According to him, Lubna though refused to submit to trail and demand a lawyer- a resistance which earned her a temporal reprieve, 10 other women who were arrested alongside her, were immediately tried. they were denied legal representation, and all declared guilty and immediately lashed including a 16-year-old girl.

Lubnas case was transferred from the Special Public Order courts to the normal courts; however she was still denied the right to present a defense or witnesses and was convicted.

Its not a question of trousers, he said, the public order regime expresses and enforces an ideology that considers that women should not have equal access to public and private freedoms including- the basic components of the right to liberty, security of person and fair trial as set out in articles 6 and 7 of the African Charter.

The public order regime is an oppressive tool which does not impacts the lives of individuals but also the development of Sudan as a whole.

Dr. Albaqir Alafiff said: there is need for courage. Reform of the public order regime requires a fundamental shift in the approach to the use of law and state power. But it is essential not just to fulfill the constitutional obligation to ensure of equal protection of the laws, but also ensure a real transformation in Sudan.

Up till now this aspect, although acknowledged by the political parties, has not been made a priority. People should know that the public order law contravenes not only the African Charter and the interim constitution of Sudan, but also lacks cultural legitimacy. It is alien to the Sudanese culture and well entrenched religious traditions.

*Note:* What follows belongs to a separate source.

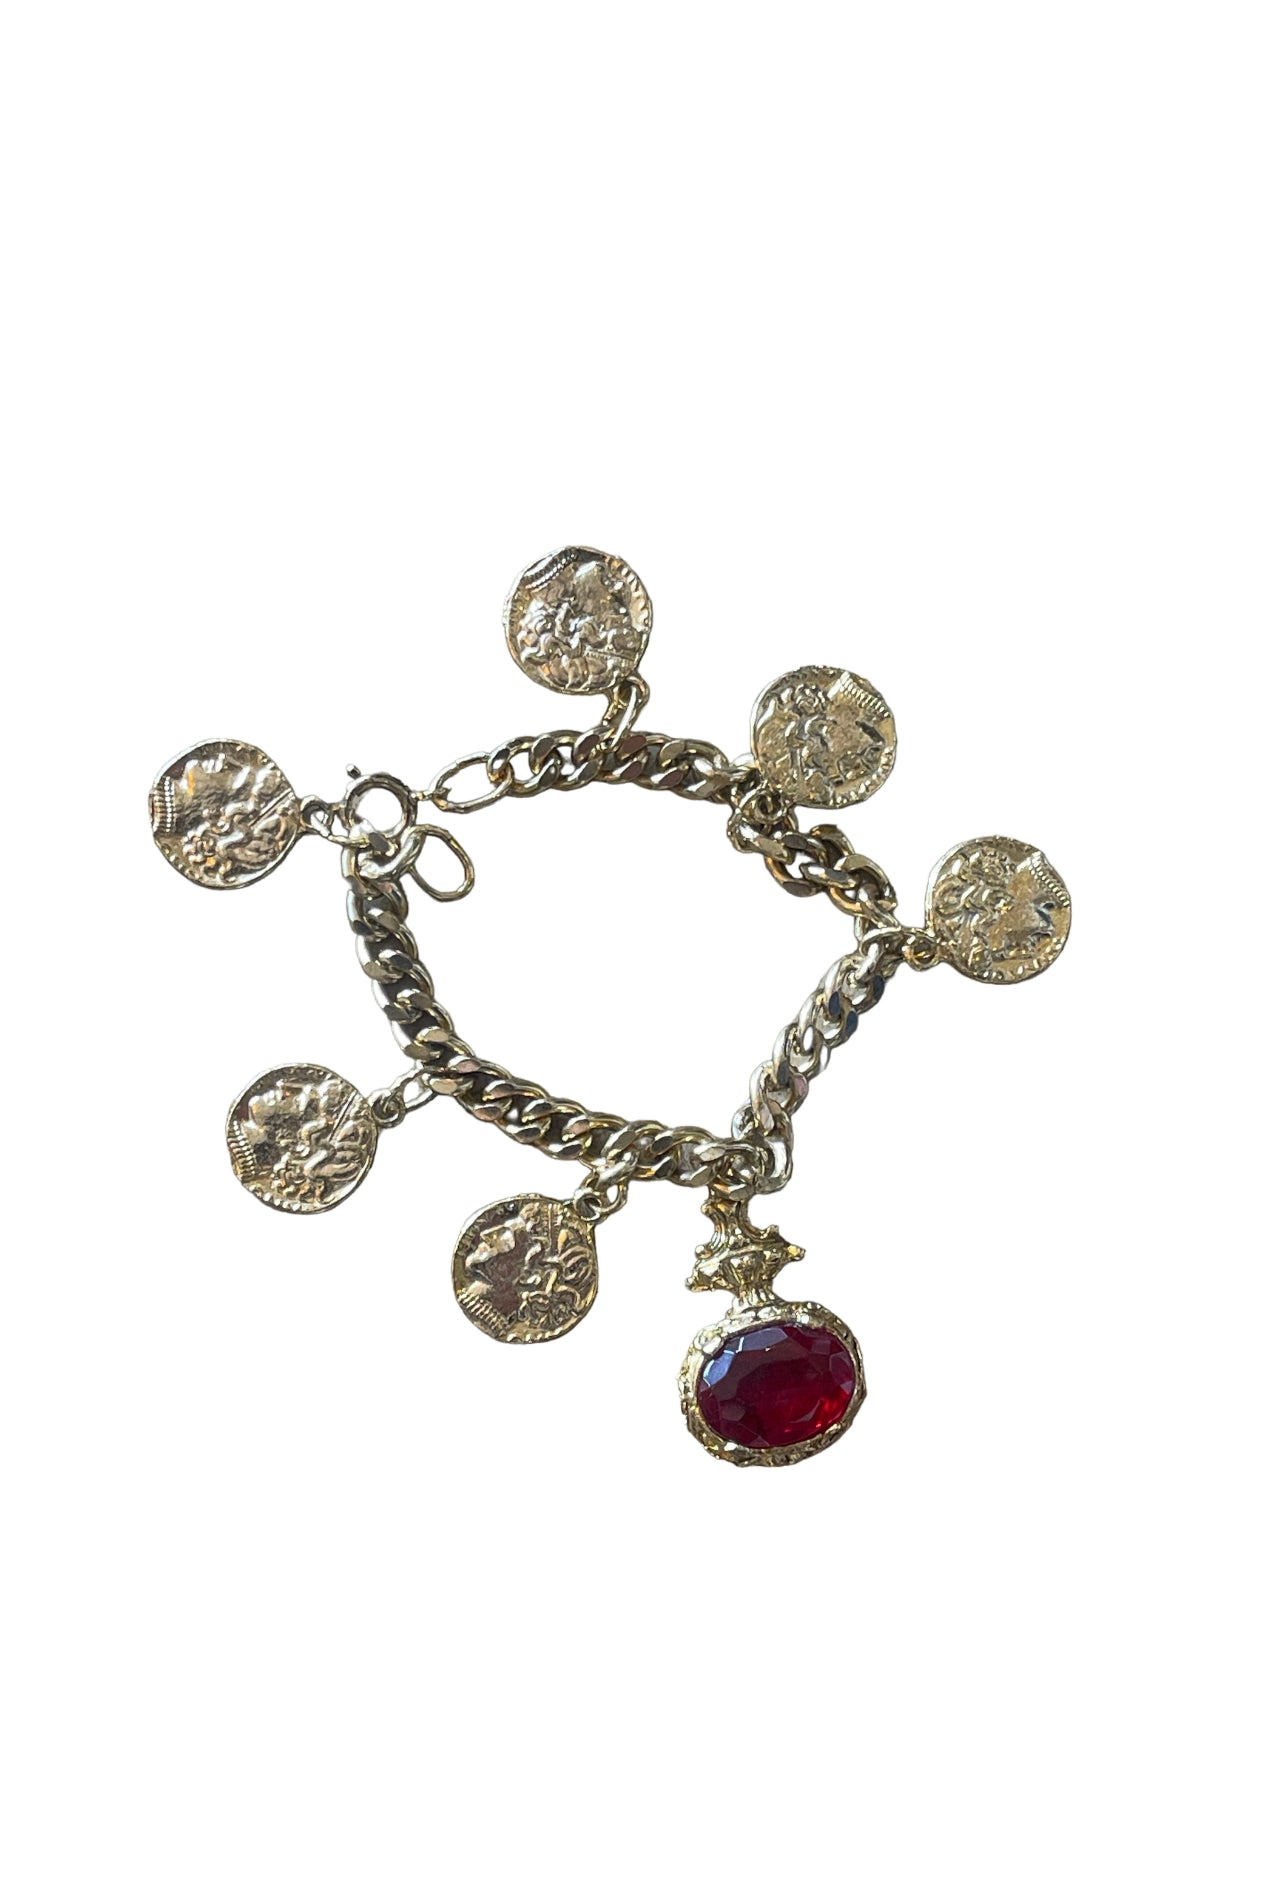 Susan Caplan Vintage Gold Charm Bracelet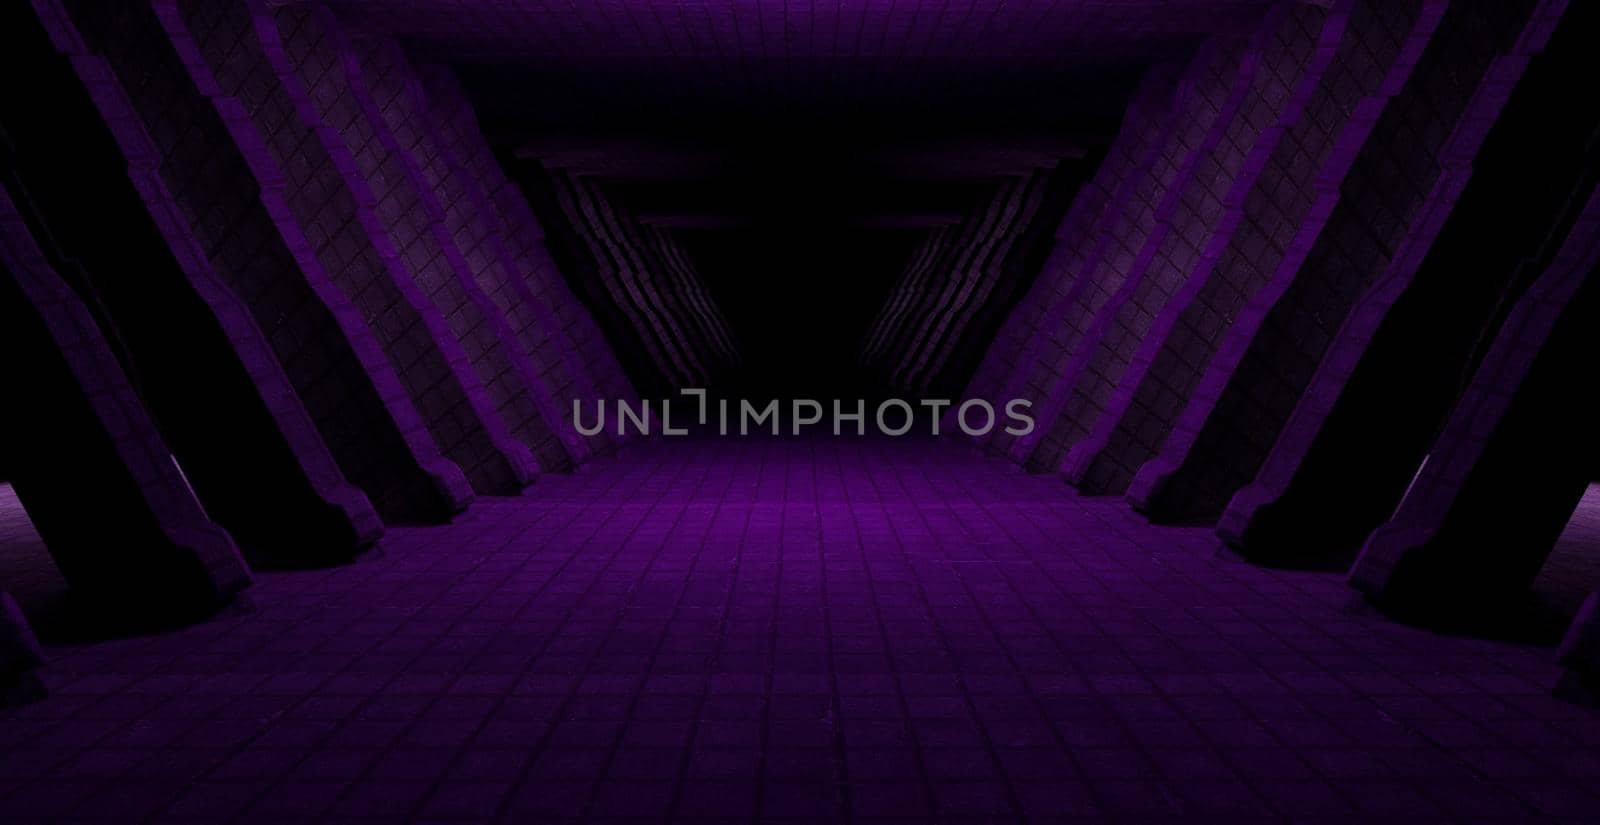 Empty Futuristic Reflective Studio Room Dark Black Background Space Age Concept 3D Illustration by yay_lmrb

Meanwhile the paper presented contains series of recommendations for bringing Sudanese law into conformity with the requirements of the African on human and peoples rights in order to ensure the liberation of Sudanese People especially women.

As part of the recommendation the activist called on the Commission to recall Sudans obligation to implement the recommendations of the Commission with respect to reform of the Public Order Regime. He also called for the immediate amendment of the criminal Law of 1991 to be in conformity with its obligation under the African Charter.

Sudan must implement the recommendations of the African Commission to Sudan to both abolish penalty of lashing, he urged. We also call on the special rapporteur on the rights of women to offer assistance to the government of Sudan in the processes of law reform.